Buying decoration on-line you can end up with getting something that you was not expected. It's hard to tell what is it based on pictures.

I recommend you visiting Big All's stores. They have a lot of different decorations on sale.

I hope this is help


----------



## Joeee (Apr 3, 2010)

PetSmart had a few things reduced to clear. I saw a few $30 decorations for $5.


----------



## ilikefish (Mar 10, 2008)

Went to pet smart. Much cheaper and larger decorations. Not on sale reg price.


----------



## AquariAM (Jan 28, 2010)

Be very careful of "BS" aquarium decorations like little statues, ships, fake rocks. They are usually safe but sometimes they are poorly made and leech VOC's into your tank.
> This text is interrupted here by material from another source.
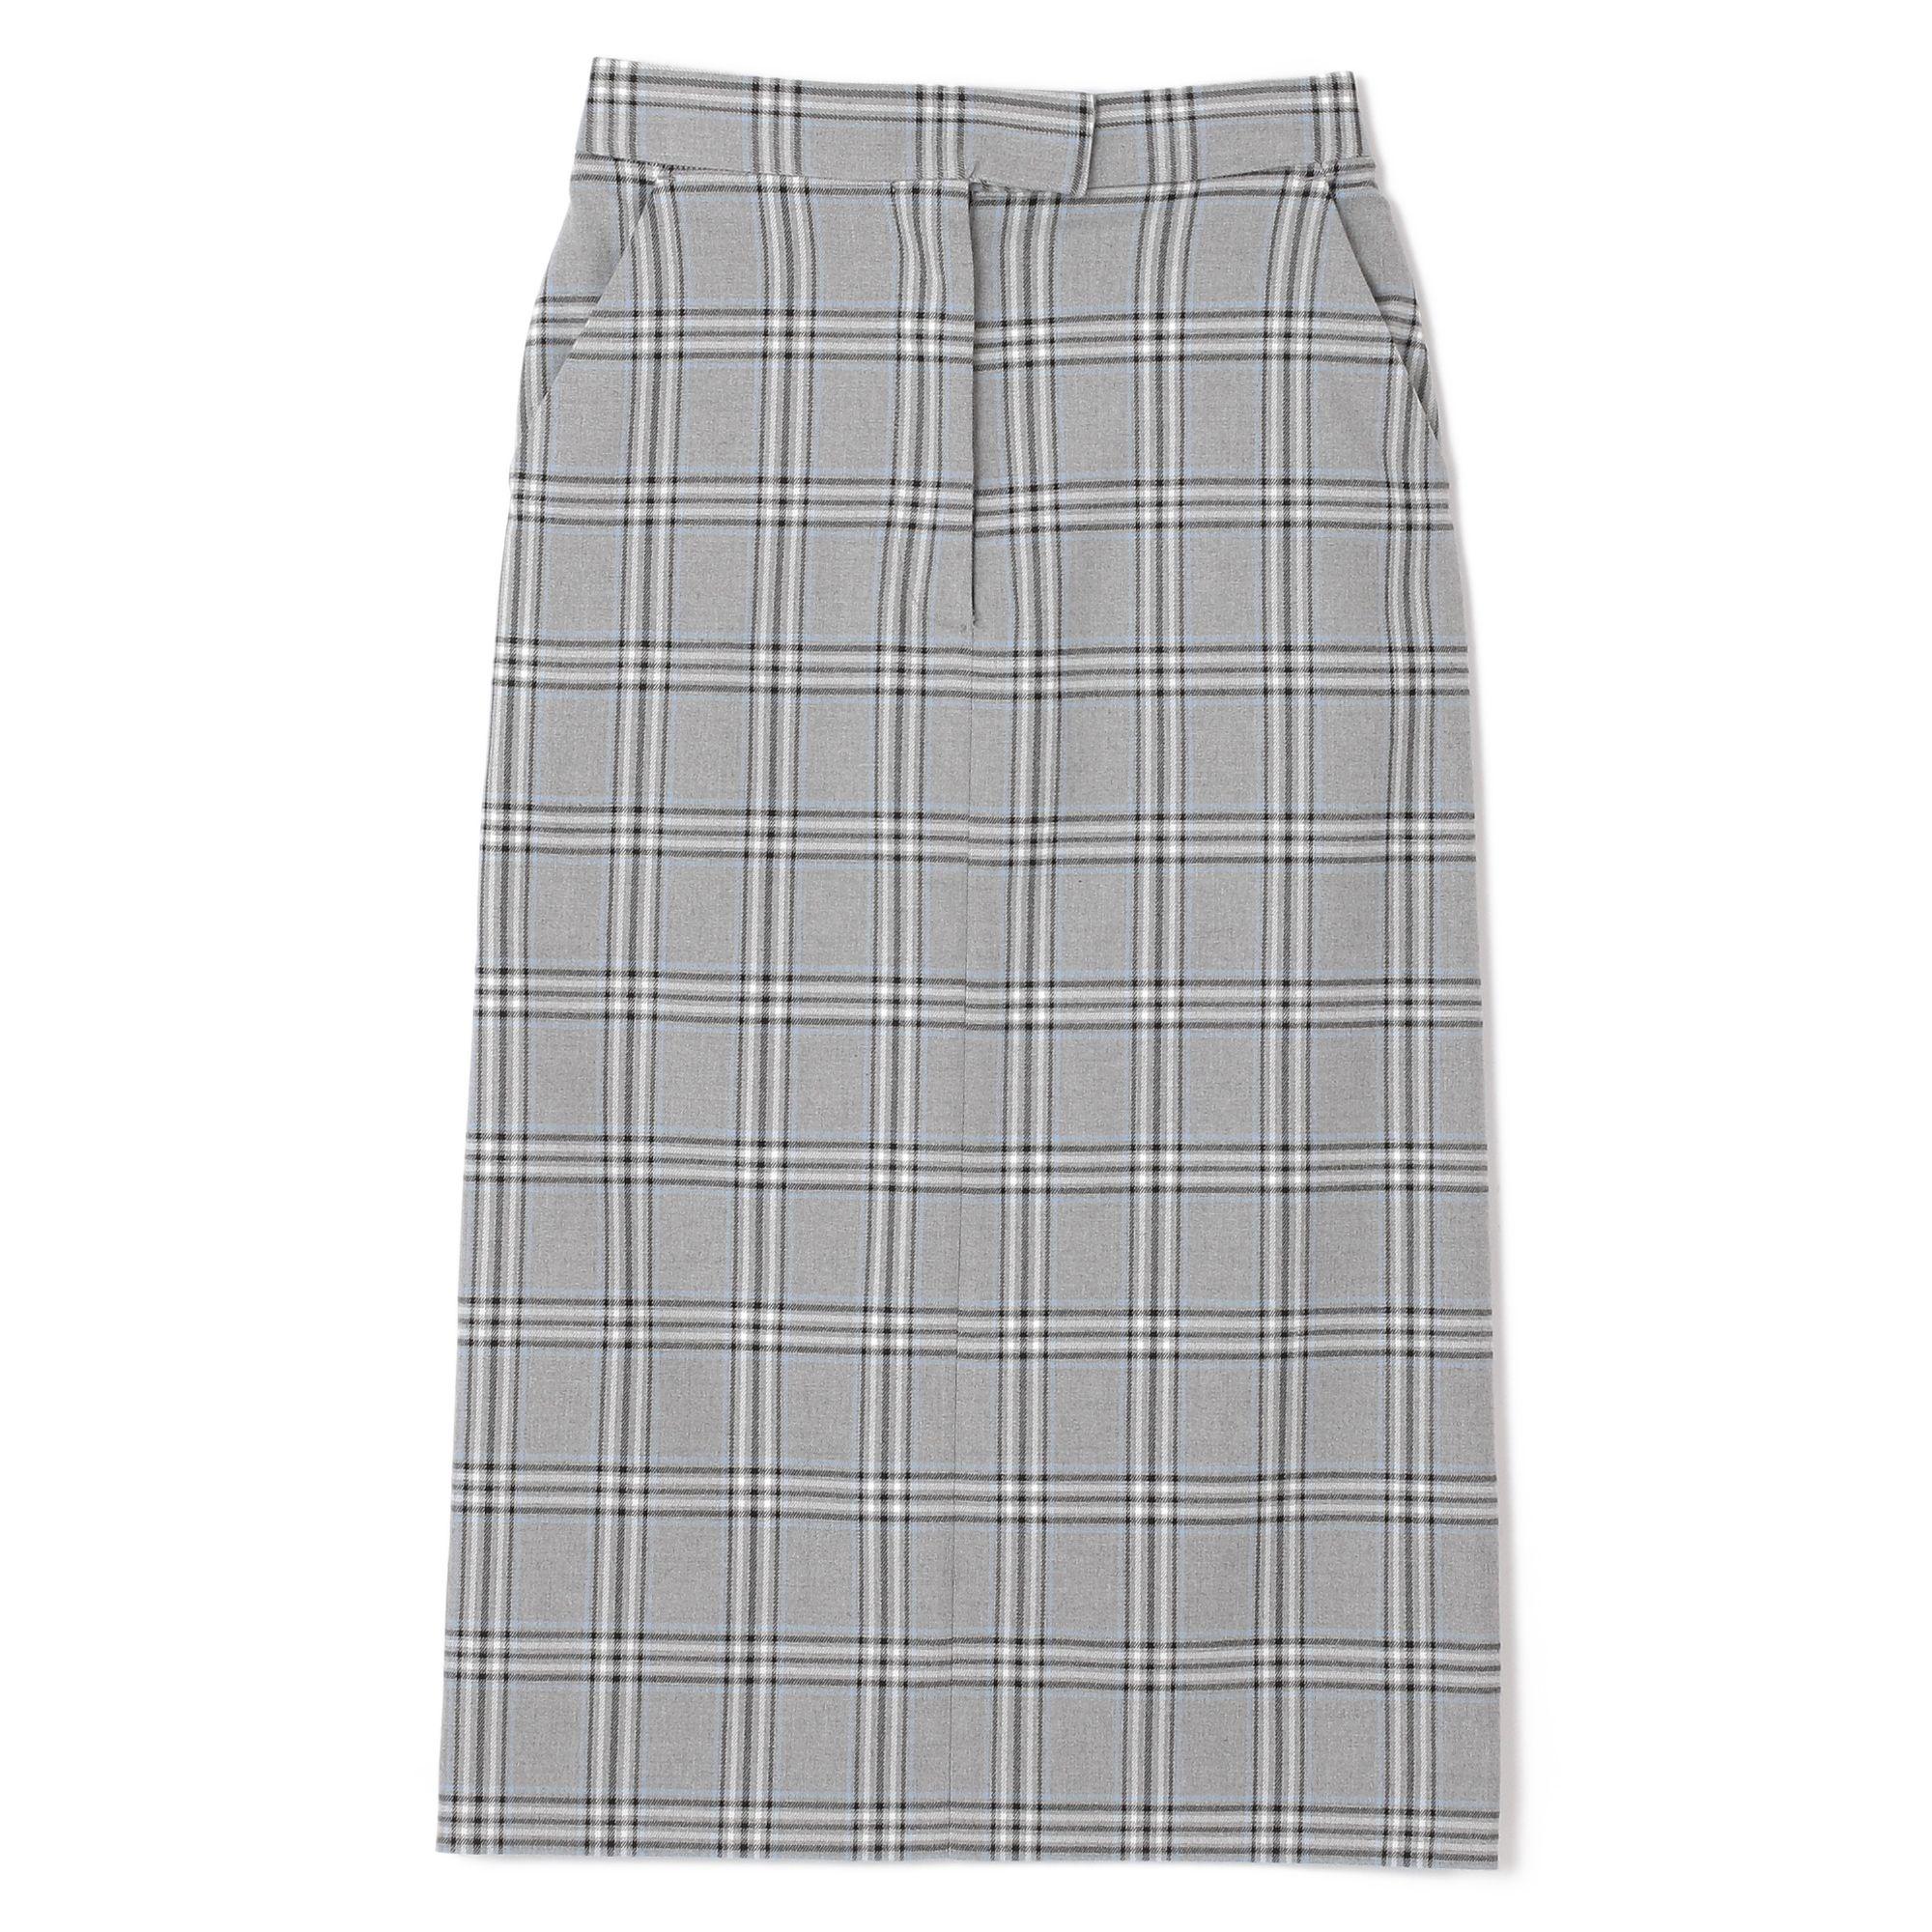 Mila Owenミラ オーウェン/チェックタイトスカート

In my opinion the only decorations you should buy from a pet shop are pieces of driftwood. Rocks can be had for next to nothing from a landscaping place like Betz cut stone. Anything else is more for you than the fish, ie, plastic plants, fake rocks etc. Sometimes plastic plants can be used effectively and make a nice environment for fish but with some plants being so hard to kill, like anubias or hornwort, and long branchy driftwood being readily available, I don't see the point personally. You're also going to save money.


----------



## Joeee (Apr 3, 2010)

ilikefish said:


> Went to pet smart. Much cheaper and larger decorations. Not on sale reg price.
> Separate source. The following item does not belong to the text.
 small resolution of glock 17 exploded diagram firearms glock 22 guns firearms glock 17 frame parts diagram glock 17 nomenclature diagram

That's odd, the one at Heartland had a lot of stuff on sale.


----------



## KhuliLoachFan (Mar 8, 2008)

AquariAM is right: Stay away from "decor" other than plastic plants (which are sometimes nice), or real driftwood. 
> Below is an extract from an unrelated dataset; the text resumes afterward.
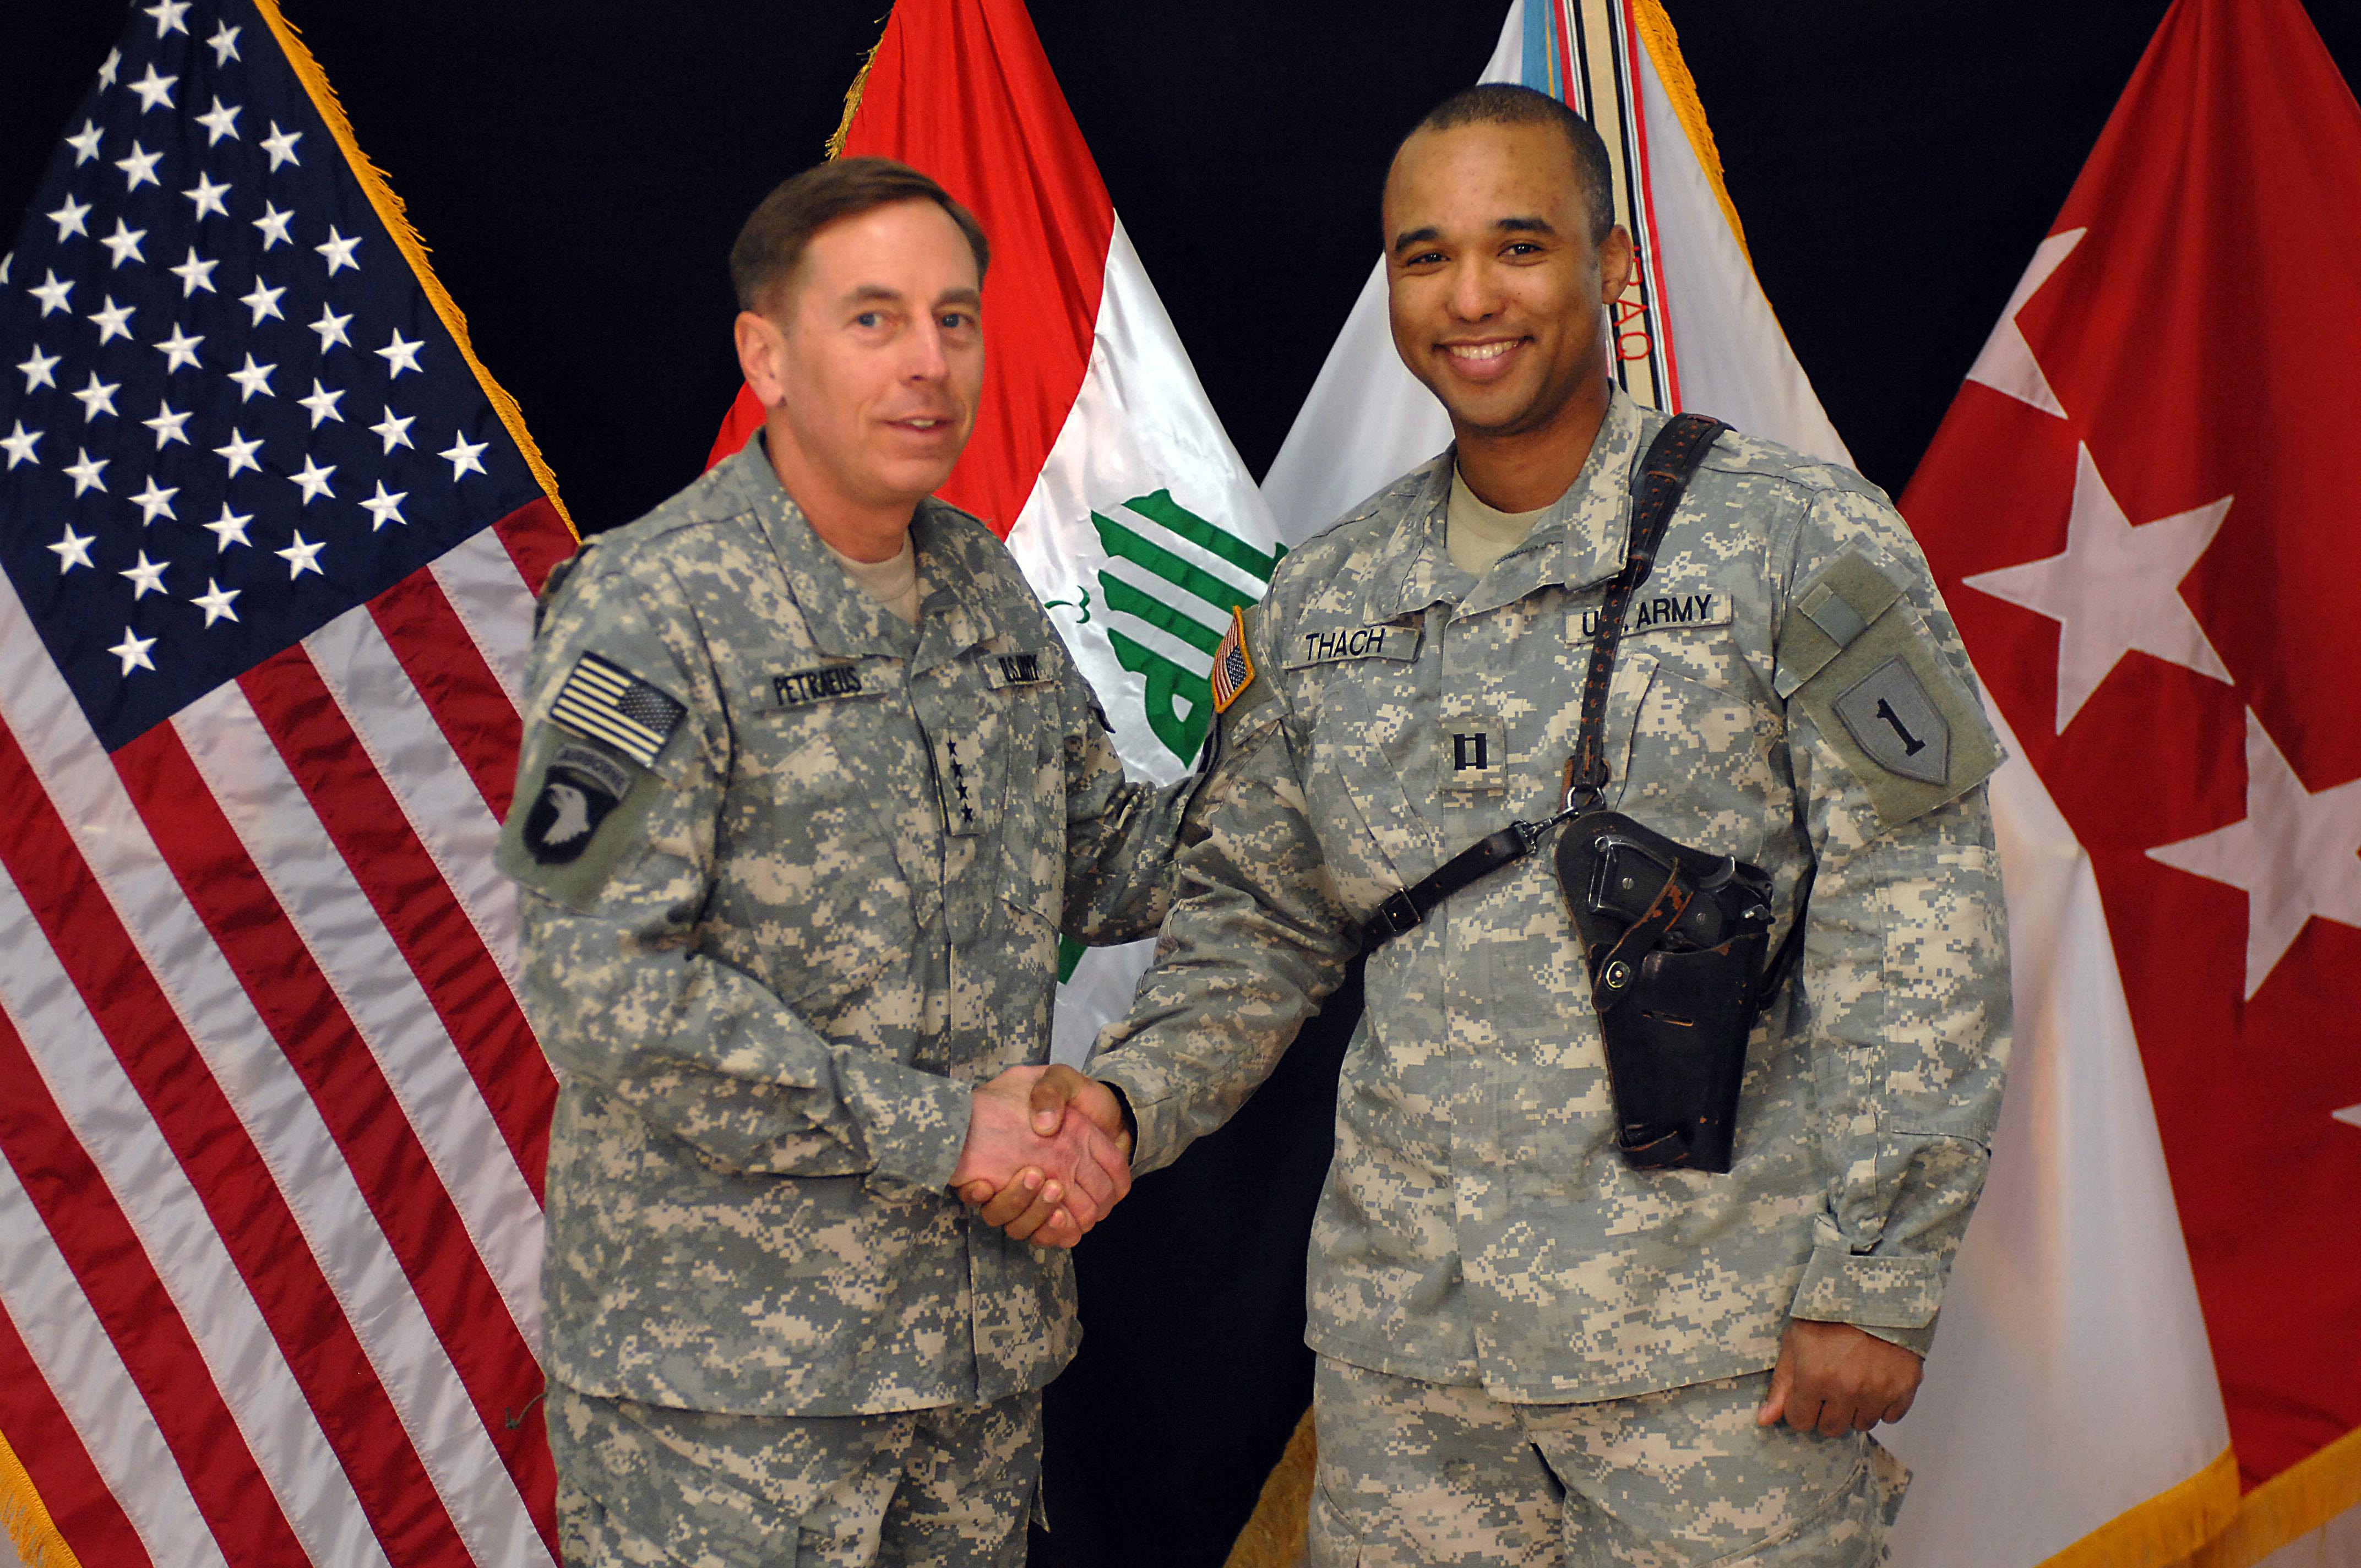 Vietnamese American Army Captain Awarded Bronze Star In Iraq

First, those resin things are expensive, but look cheap, and ruin the look of your tank. Even if you don't think so now, you will, soon. you will. 

In one year or less you will want that gargoyle-sitting-on-the-ruins-of-a-roman-aquaduct OUT of your sight forever, and it will sit in the garage until your next garage sale. Seriously. Same thing with Scuba Dave. Etc.

One reason I'm thankful for the TWAS club is I can take that decor stuff that I regret buying and sell it for $1 or $2 at the auction.

W


----------